[Task]:
Pictures stay out; please output the remaining data exactly.

[Available data]:
::::::::::

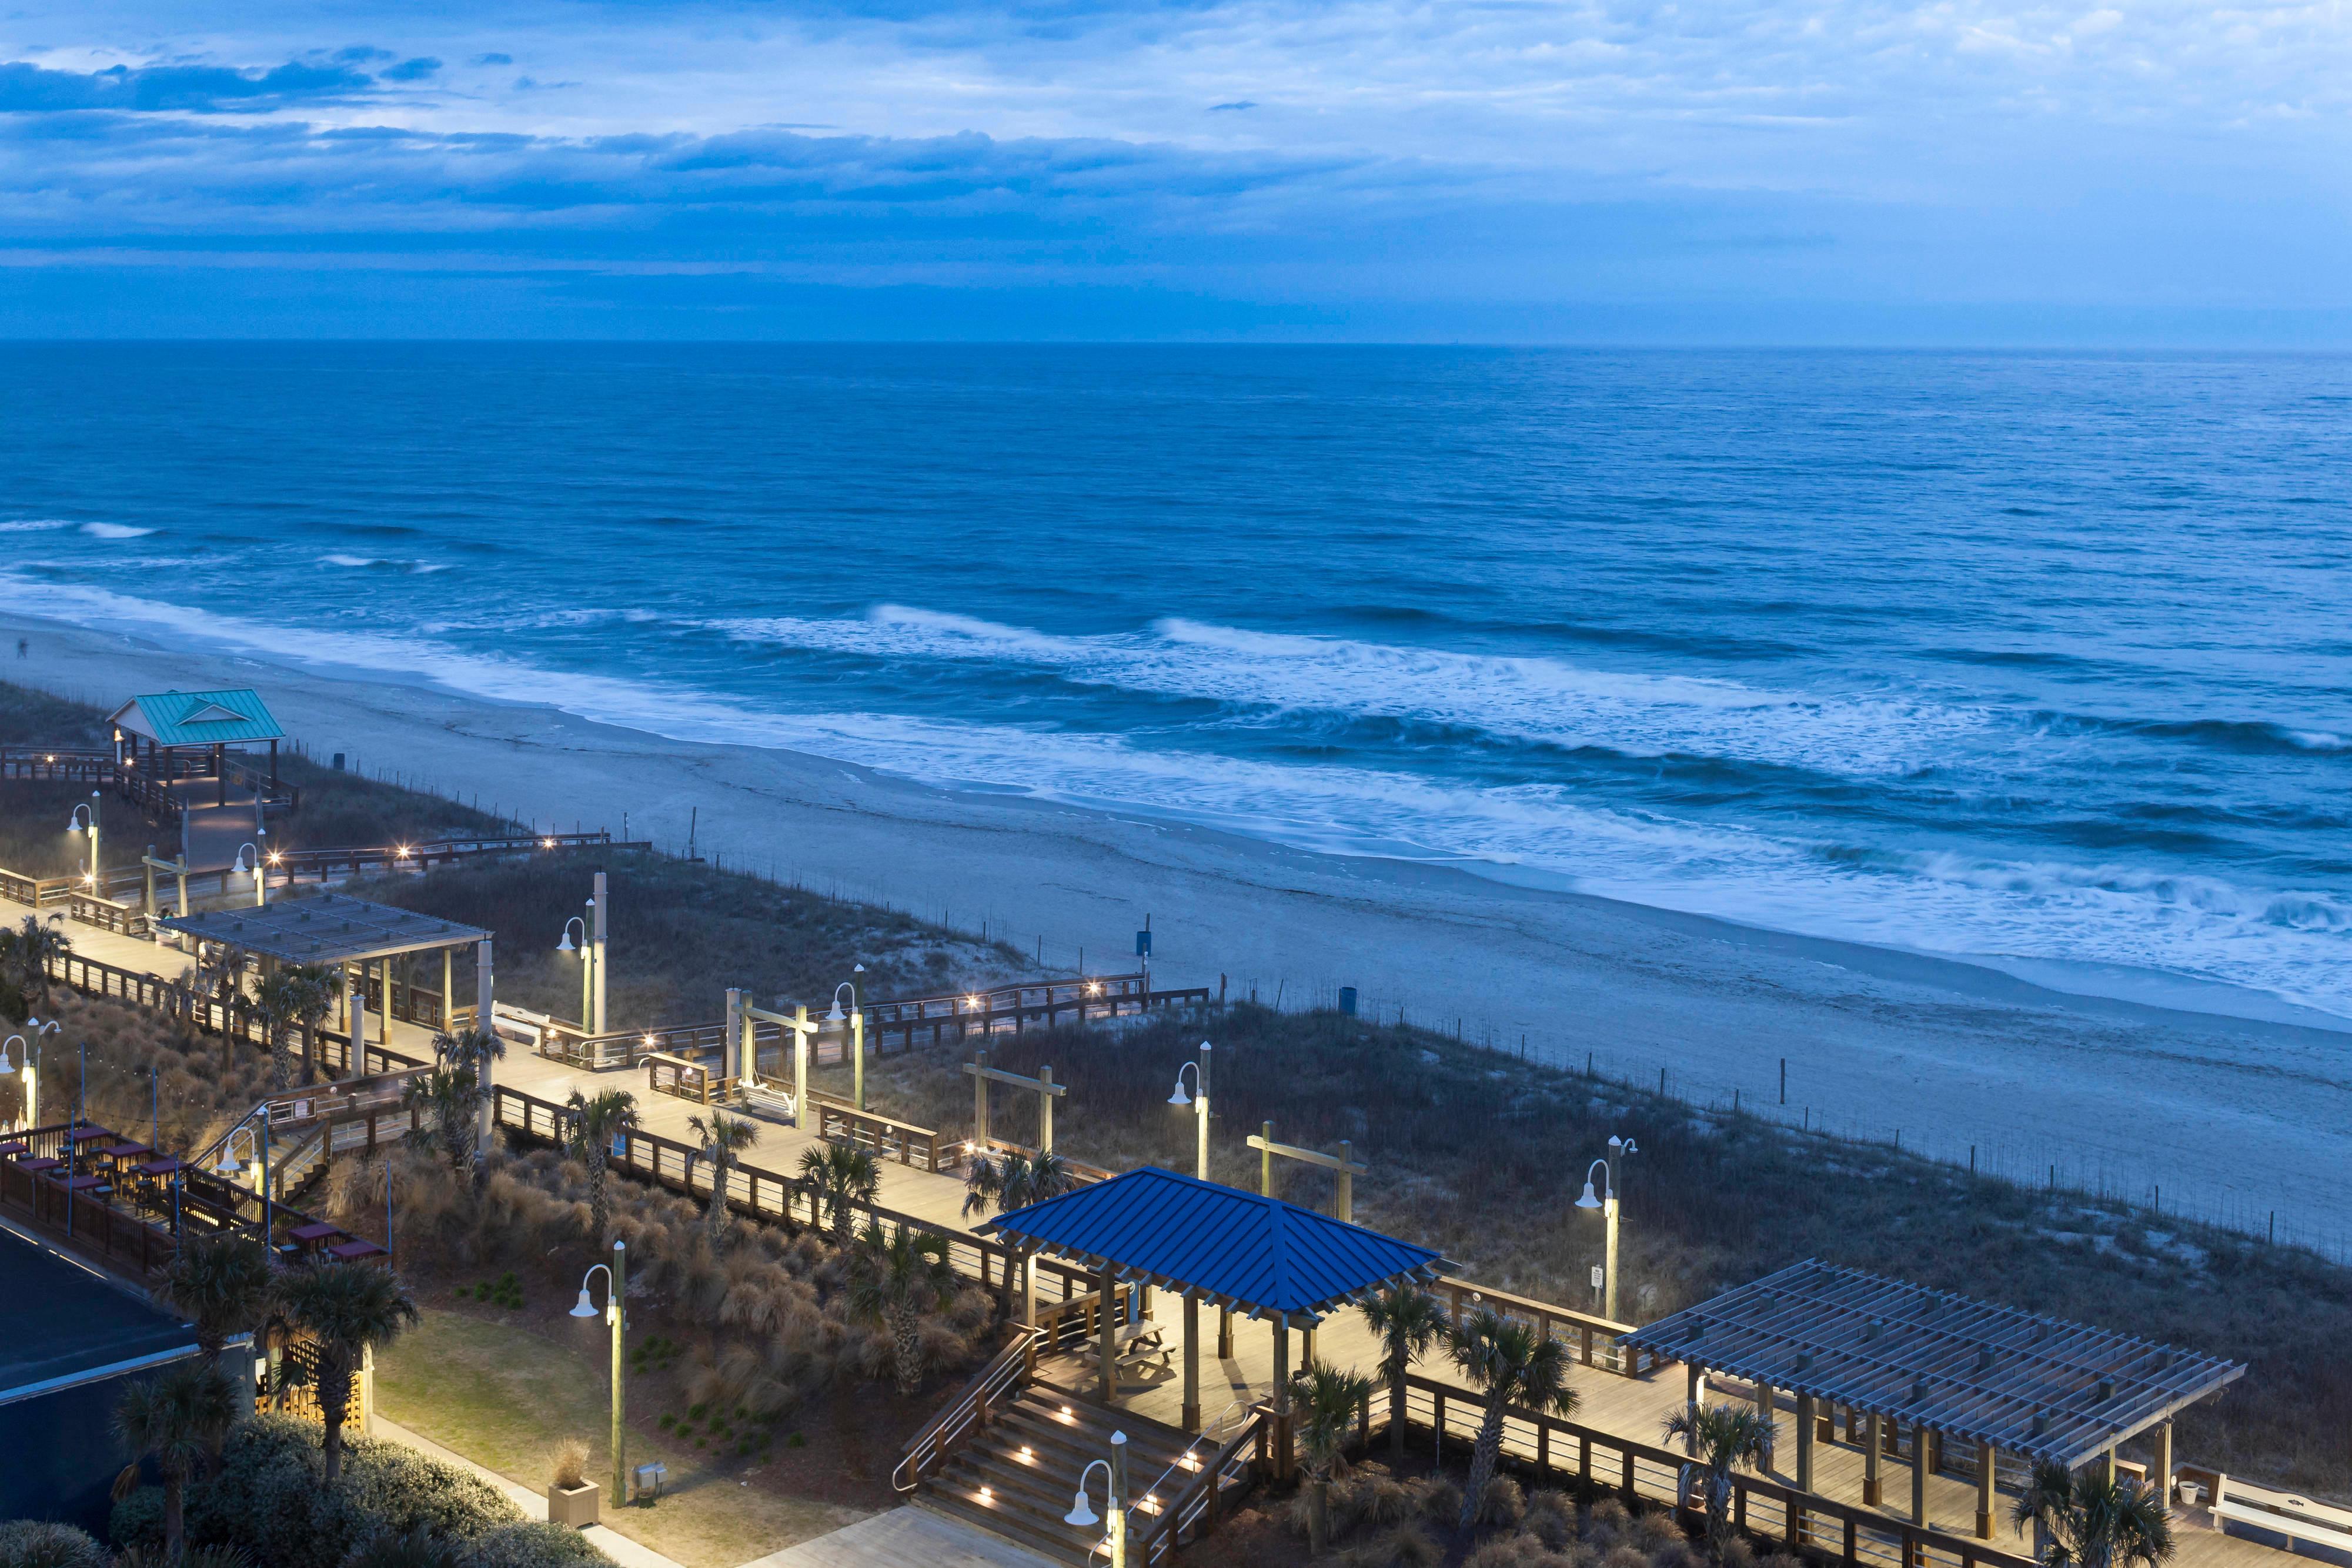 Courtyard by Marriott Carolina Beach Oceanfront
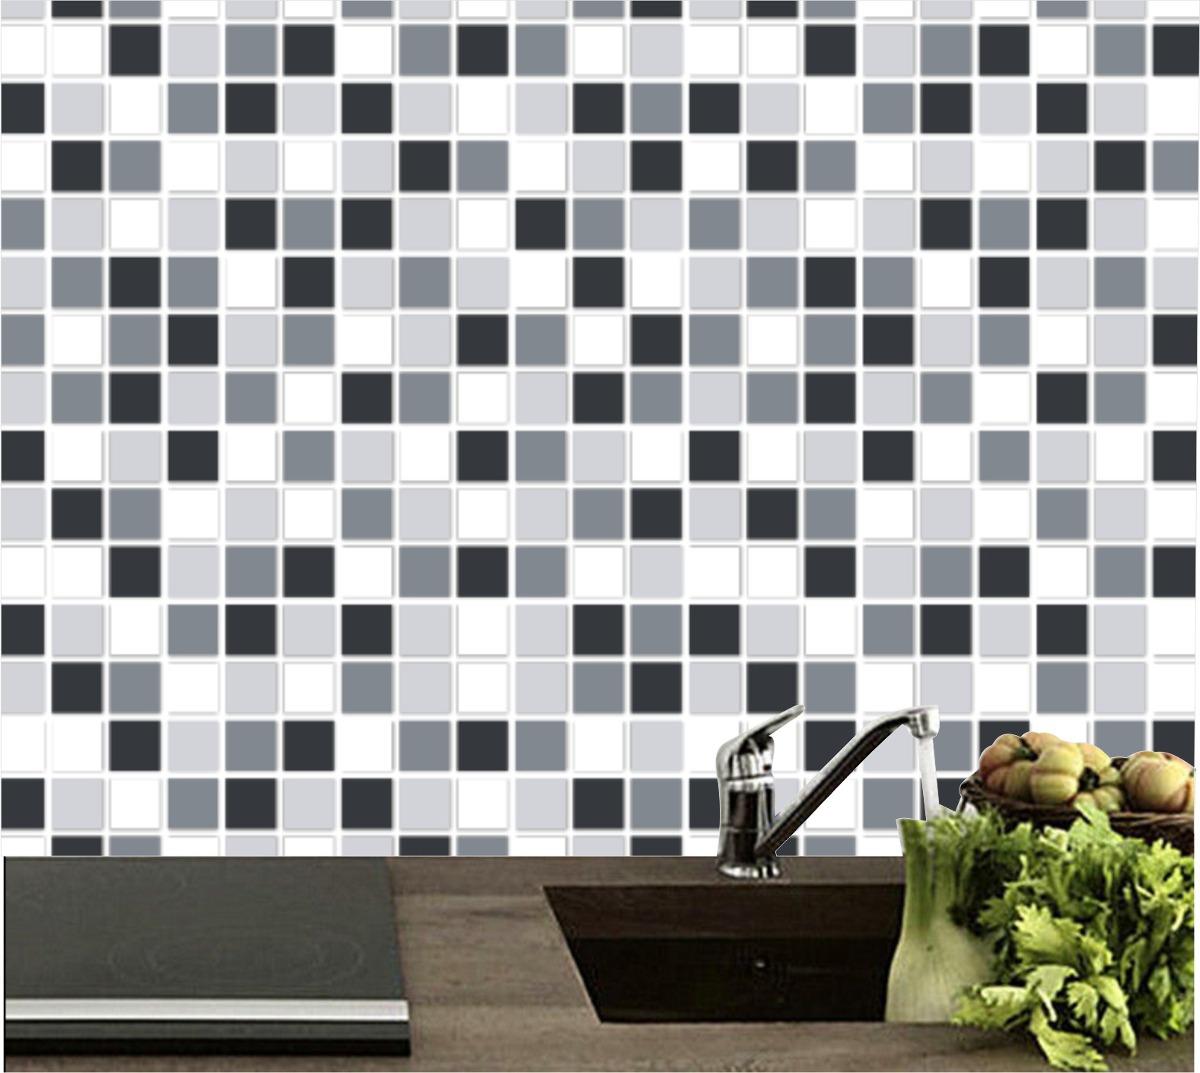 0782a2d9a adesivo parede pastilhas cozinha lavável vinílico grande. Carregando zoom.
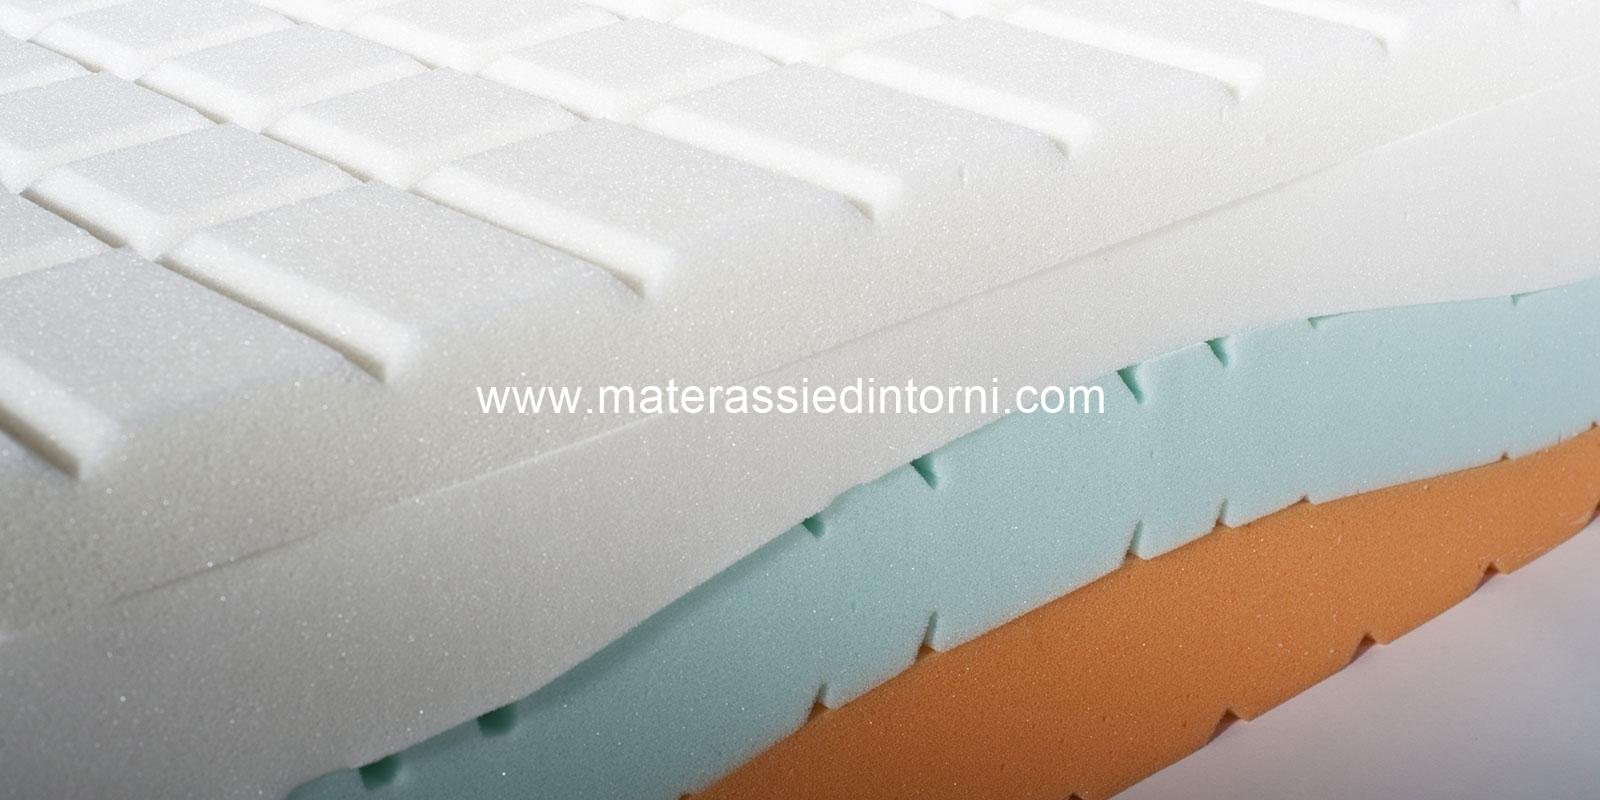 MATERASSI a Torino e Provincia, Memory, Molle, Lattice, Reti, e-shop vendita negozio online ...

::::::::::

[Expected answer]:
 Courtyard by Marriott Carolina Beach Oceanfront
 0782a2d9a adesivo parede pastilhas cozinha lavável vinílico grande. Carregando zoom.
 MATERASSI a Torino e Provincia, Memory, Molle, Lattice, Reti, e-shop vendita negozio online ...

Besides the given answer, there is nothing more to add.